Should the deputy have found claimant 70 percent permanently disabled at the time of hearing, based on a permissible evaluation of his loss of wage earning capacity? Such a finding, accompanied by an order for the same palliative pain therapy, would have been verbally neater, but of the same effect as the deputy's order.
How did this appeal, this cross-appeal, and this judicial labor advance the purposes of chapter 440? The carrier's appeal, questioning the work search evidence and arguing the effect of medical evidence not accepted by the deputy, resulted in the carrier withholding for the period of this appeal, about eleven months, both the permanent disability payments and the pain treatment. The appeal also produced the cross-appeal, and we by sustaining it place claimant in a position of having little economic incentive to respond to pain treatment belatedly to be gotten. We now place upon the carrier the burden of showing that, through pain treatment and a renewed work search that claimant can make or not as he will, claimant's wage earning capacity has improved by 30 percent. I rather expect the carrier will not bother to undertake that task.

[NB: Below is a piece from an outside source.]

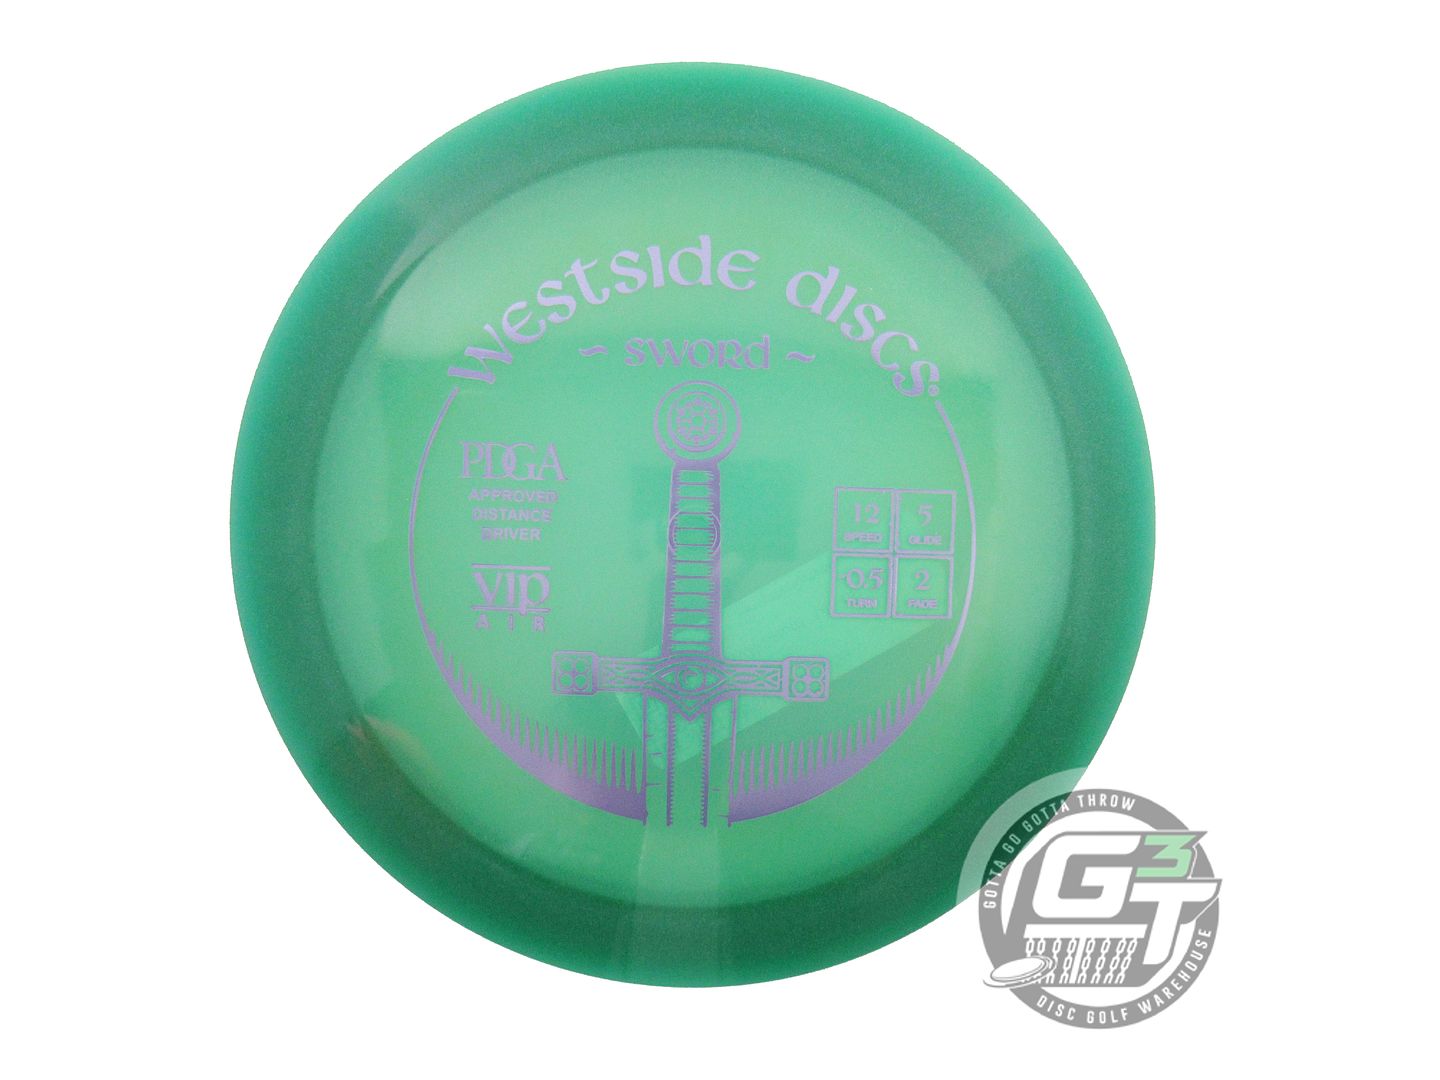 Westside VIP AIR Sword Distance Driver Golf Disc (Individually Listed)

I view the deputy's order like so many orders that we similarly remodel, as an attempt to end the litigation with due regard to all competing interests and with reasonable deference to the categorical strictures encrusting chapter 440. The deputy's acceptance of claimant's disputed medical testimony rather than the carrier's, his crediting of claimant's disputed work search, and his assessment of 70 percent permanent disability at the end of palliative pain treatment, is rather like a sturdy three-legged stool. For a minor internal verbal inconsistency we have removed one leg. So the stool falls over, and claimant, deprived of the healing incentive intended by the deputy, is placed in a practically impregnable condition of compensated total disability. I think our labors here are neither worth the effort nor fulfilling of chapter 440.